Local government areas were randomly allocated to intervention or comparison. Cross-sectional surveys of households with children aged 0-23 months were conducted [N = 6,266 baseline (2017), N = 7,320 endline (2020)]. Logistic regression was used to calculate difference-in-differences estimates (DDEs) of impact on IYCF practices and to assess within-group changes from baseline to endline. Associations between intervention exposures and IYCF practices were tested in both study groups combined.

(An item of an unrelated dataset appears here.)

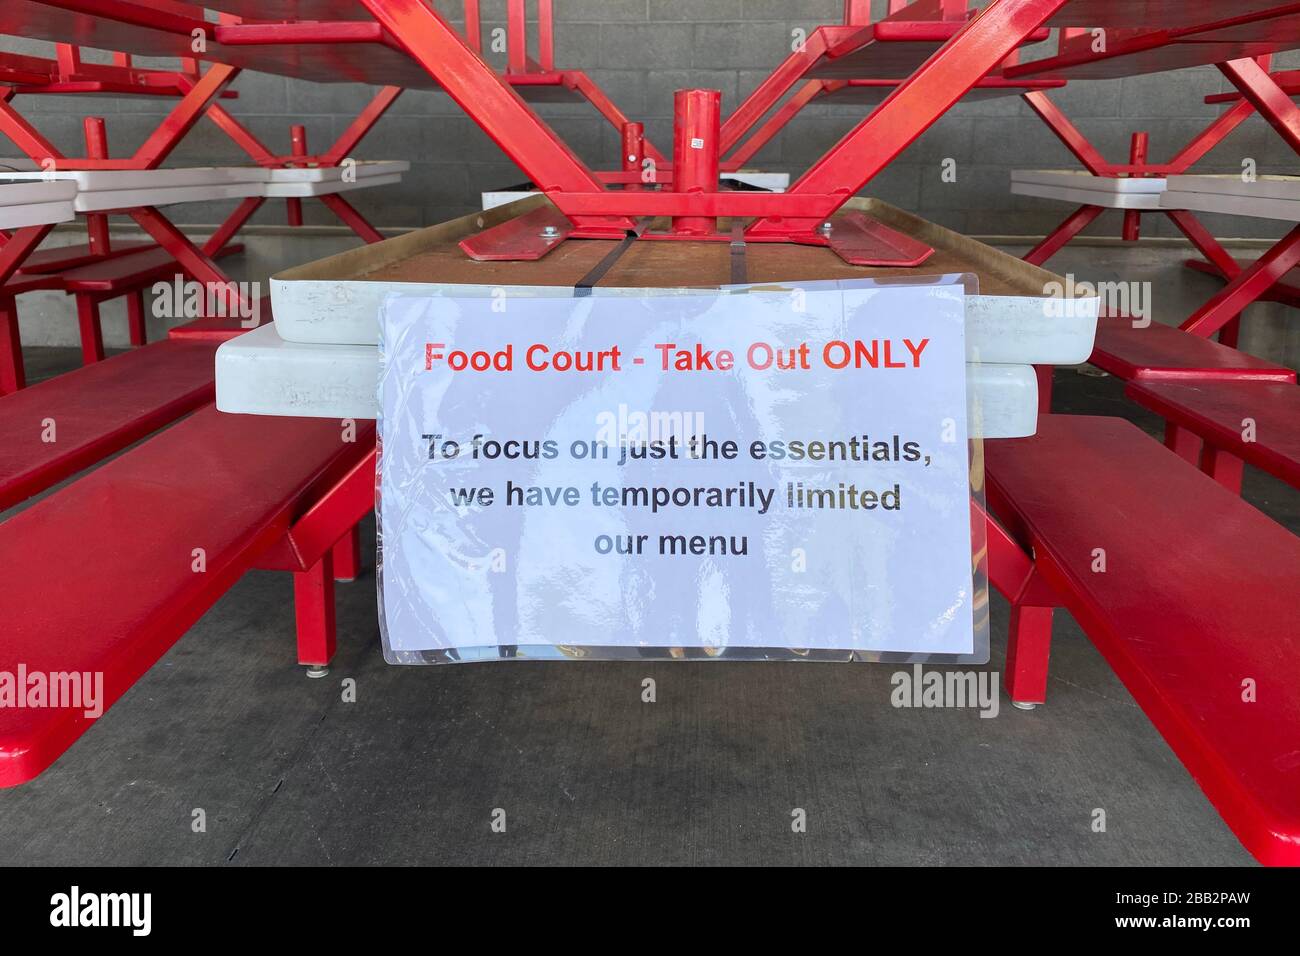 The Costco Wholesale Food Court is closed amid the global coronavirus pandemic outbreak, Sunday, March 29, 2020, in Monterey Park, California, USA. (Photo by IOS/Espa-Images) Stock Photo
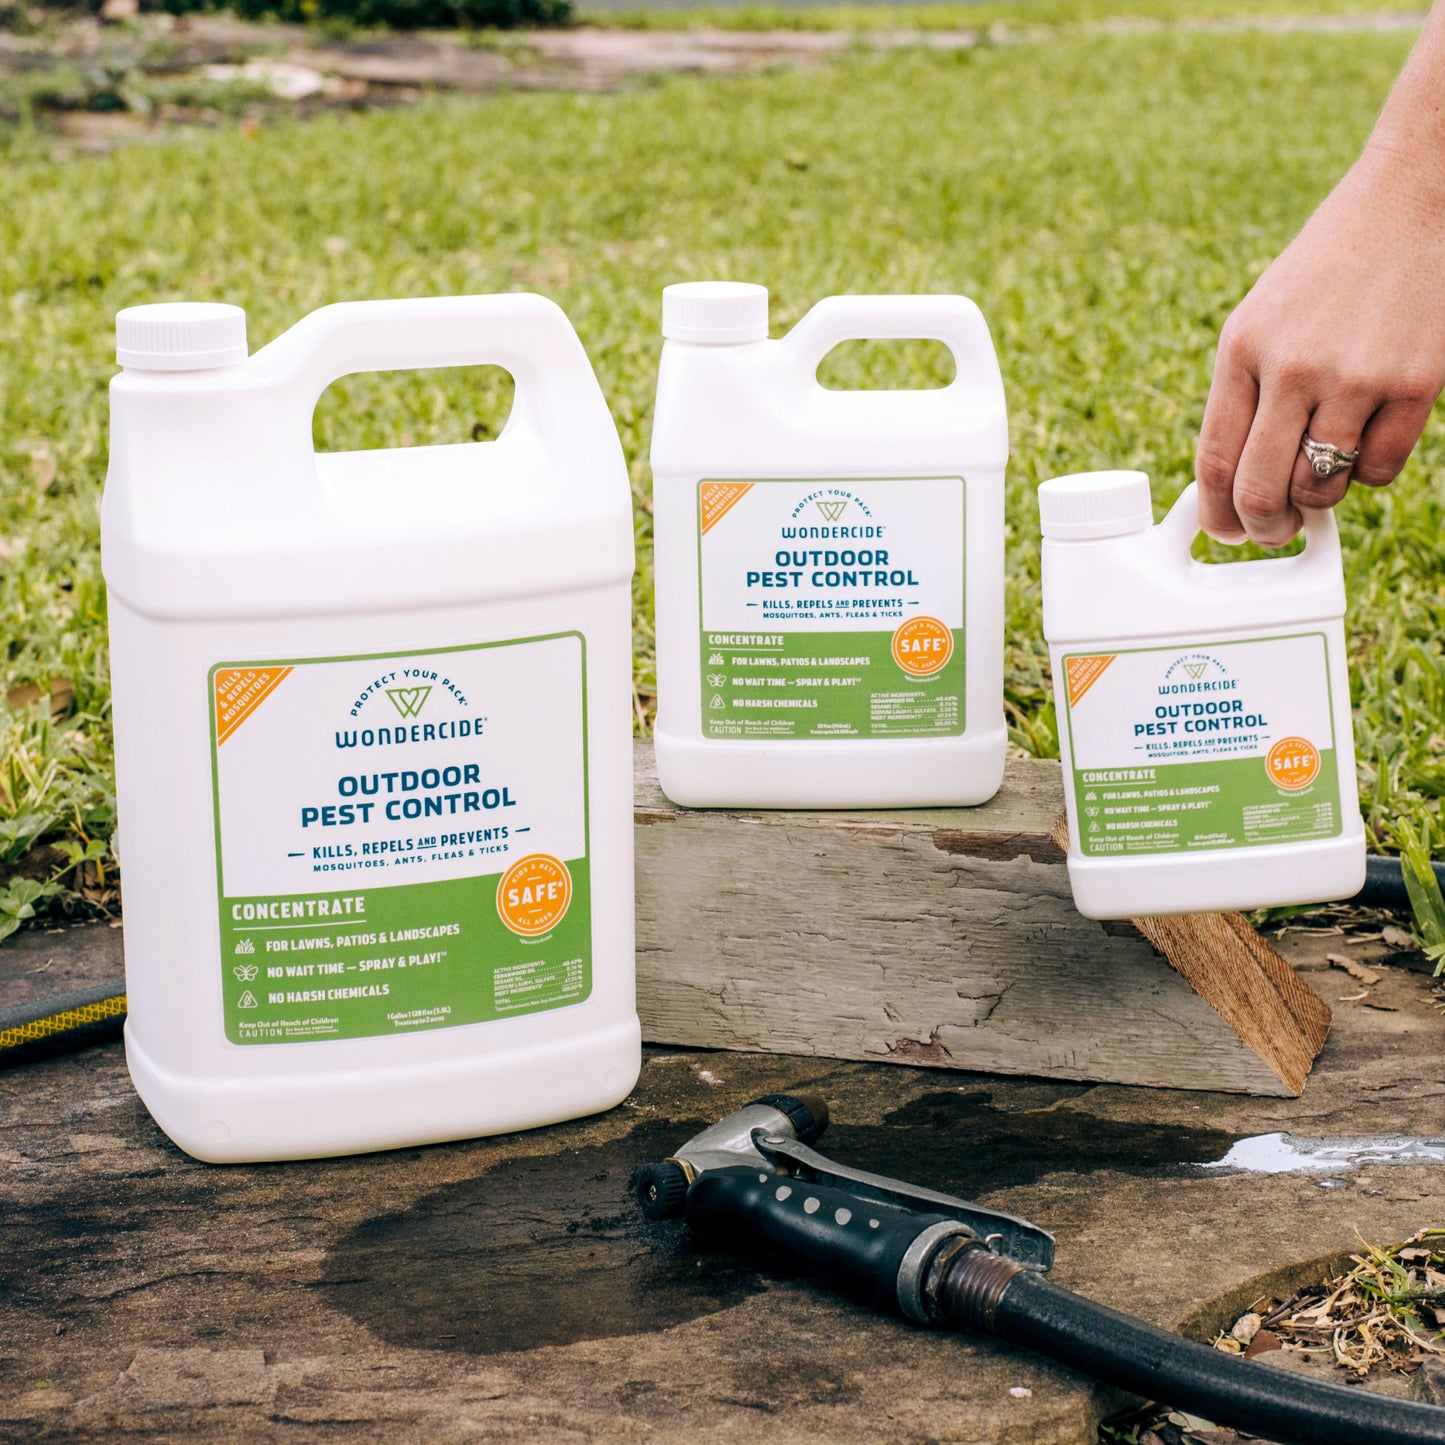 Wondercide Announces New Plant-Powered Pest Protection Products

In Kaduna, a positive differential effect of the intervention was found for exclusive breastfeeding (adjusted DDE 8.9 percentage points (pp), P<0.099). Increases in both study groups from baseline to endline were observed in Kaduna for early initiation of breastfeeding (intervention 12.2 pp, P = 0.010; comparison 6.4 pp, P = 0.118) and minimum dietary diversity (intervention 20.0 pp, P<0.001; comparison 19.7 pp, P<0.001), which eliminated differential effects. In Lagos, no differential intervention impacts were found on IYCF practices because changes in early initiation of breastfeeding from baseline to endline were small in both study groups, and increases in both study groups from baseline to endline were observed for exclusive breastfeeding (intervention 8.9 pp, P = 0.05; comparison 6.6 pp, P<0.001) and minimum dietary diversity (intervention 18.9 pp, P<0.001; comparison 24.3 pp, P<0.001). Odds of all three IYCF practices increased with exposure to facility-based interpersonal communication in both states and with community mobilisation or mass media exposure in Kaduna.



In this evaluation, mothers' IYCF knowledge and/or awareness generally increased from baseline to endline in Kaduna in tandem with increases in IYCF practices. The picture was more mixed in Lagos. Increases in knowledge of exclusive breastfeeding aligned with increases in the practice from baseline to endline, while increases in knowledge and awareness of early initiation of breastfeeding did not translate into increases in the practice in Lagos. Early initiation of breastfeeding is influenced by many factors other than knowledge, including the woman having a caesarean section and the advice and actions of midwives and nurses present at delivery. For example, glucose water and infant formula, which are often recommended by midwives and nurses, were among the most common prelacteal feeds in Lagos. More research is needed to develop strategies to change norms related to early infant feeding among mothers and health workers in Lagos.



Thus, this evaluation found weak impacts of the A&T intervention on IYCF practices in the difference-in-differences analysis because of suspected intervention spillover to the comparison group: A substantial number of mothers in the comparison group were exposed to intervention components, especially interpersonal communication. For instance, the team suspects the state Ministries of Health may have used their resources to implement similar activities and health worker training in the comparison LGAs to keep the states overall from appearing to lag behind on IYCF. However, substantial within-group increases in IYCF practices from baseline to endline are likely attributable to the intervention, which was the major IYCF promotion activity in both states. This assertion is supported by the association between intervention exposures and IYCF practices.



In conclusion: "As the government of Nigeria continues to implement the IYCF intervention in Kaduna and Lagos and replicate the effort in other states, it should focus on training health workers to carry out facility-based interpersonal communication, as this had the strongest relationship with IYCF practices in both states, and on increasing community outreach and mobilization."